LLM As A Judge
This post is mainly based on
- Judging LLM-as-a-Judge with MT-Bench and Chatbot Arena, NIPS 2023
- MT-Bench Browser
- Chatbot Arena Conversations Dataset
Traditional NLP Evaluation Methods
- BLEU
- Machine translation benchmark
- N-grams precision: measure % of n-grams also occured in the reference translations
- Brevity Penalty: penalize for translation length < reference length
- For more details, check this post
- Rouge: Recall-Oriented Understudy for Gisting Evaluation
- ROUGE = $\sum$ Recall of n-grams
- ROUGE-N: overlap of n-grams
- ROUGE-L: longest common subsequence
- ROUGE-S: overlap of skip-bigram
- Multiple-choice questions
- Standardized and consistent way to evaluate the language understanding capabilities
- Sample benchmarks: MMLU
Challenges of traditional LLM benchmarks: cannot effectively tell the difference between these aligned models and the base models.
LLM-as-a-Judge
- Idea: using strong LLMs as judges to evaluate answers on open-ended questions
- Goal: develop a more scalable and automated LLM evaluation approach
- Agreement rate
- GPT-4 judge match human evaluations at an agreement rate exceeding 80%
- Same level as human-human agreement rate
- Human preference datasets
- MT-bench: 80 high-quality multi-turn questions, 3K expert votes
- Chatbot Arena: crowdsourcing open-end interaction with two anonymous models, 30K votes
Multi-turn dialogues between a user and two AI assistants—LLaMA-13B (Assistant A) and Vicuna-13B (Assistant B)—initiated by a question from the MMLU benchmark and a follow-up instruction. GPT-4 is then presented with the context to determine which assistant answers better.
LLM-as-a-Judge
- Types
- Pairwise comparison: determine which one is better or declare a tie (See paper’s Figure-5)

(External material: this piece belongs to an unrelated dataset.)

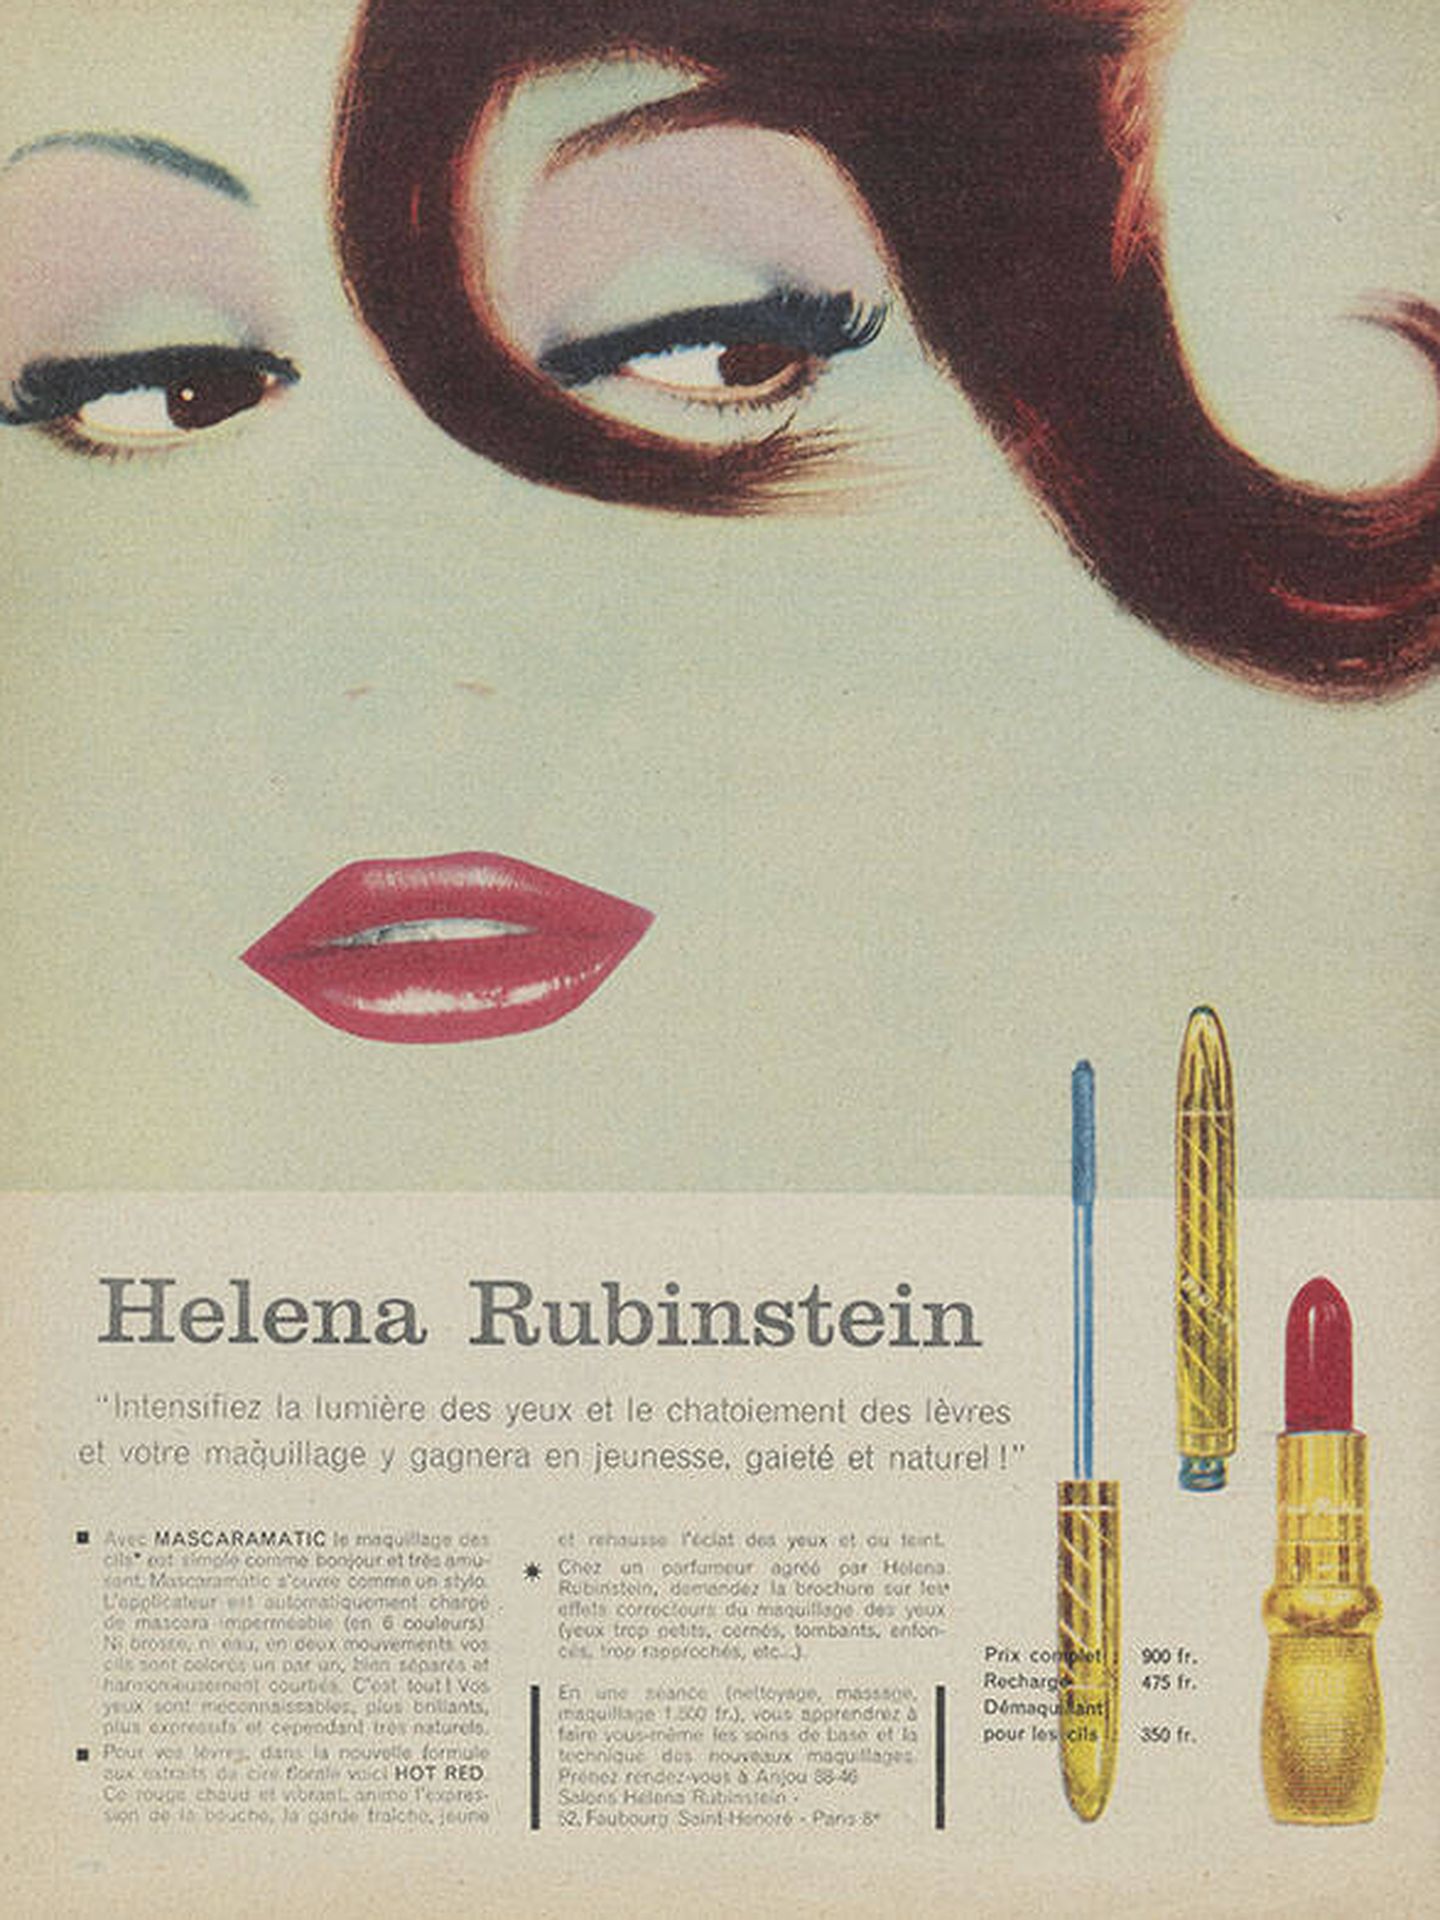 Publicidad de Helena Rubinstein de 1959. (Cortesía de Helena Rubinstein)

- Single answer grading: directly assign a score (1 to 10) to a single answer (See paper’s Figure-6)
- Reference-guided grading: grading with reference solutions (See paper’s Figure-8)
- Advantages
- Scalability
- Explainability
- Limitations
- Position, verbosity, and self-enhancement biases
- Limited reasoning ability
Sample multi-turn questions in MT-bench
Limitations: Position Bias
- Approach: LLM is asked to evaluate two responses in different posistions
- “Rename” renames the assistants in our default prompt to see whether the bias is on positions or names
- Findings
- All LLMs exhibit strong position bias, most favor the first position
- Claude-v1 favors “Assistant A”
- GPT-4 has highest consistent: 60%
Position bias of different LLM judges. Consistency is the percentage of cases where a judge gives consistent results when swapping the order of two assistants. “Biased toward first” is the percentage of cases when a judge favors the first answer. “Error” indicates wrong output formats.
Limitations: Verbosity Bias
- Approach: “repetitive list” attack
- Select answers that contain a numbered list
- Use GPT-4 to rephrase the list without adding any new information
- 5 items => 5 items + 5 items rephrased from the original 5 items
- Findings
- All LLMs may be prone to verbosity bias
- GPT-4 defends significantly better than others
Failure rate under “repetitive list” attack for different LLM judges on 23 answers.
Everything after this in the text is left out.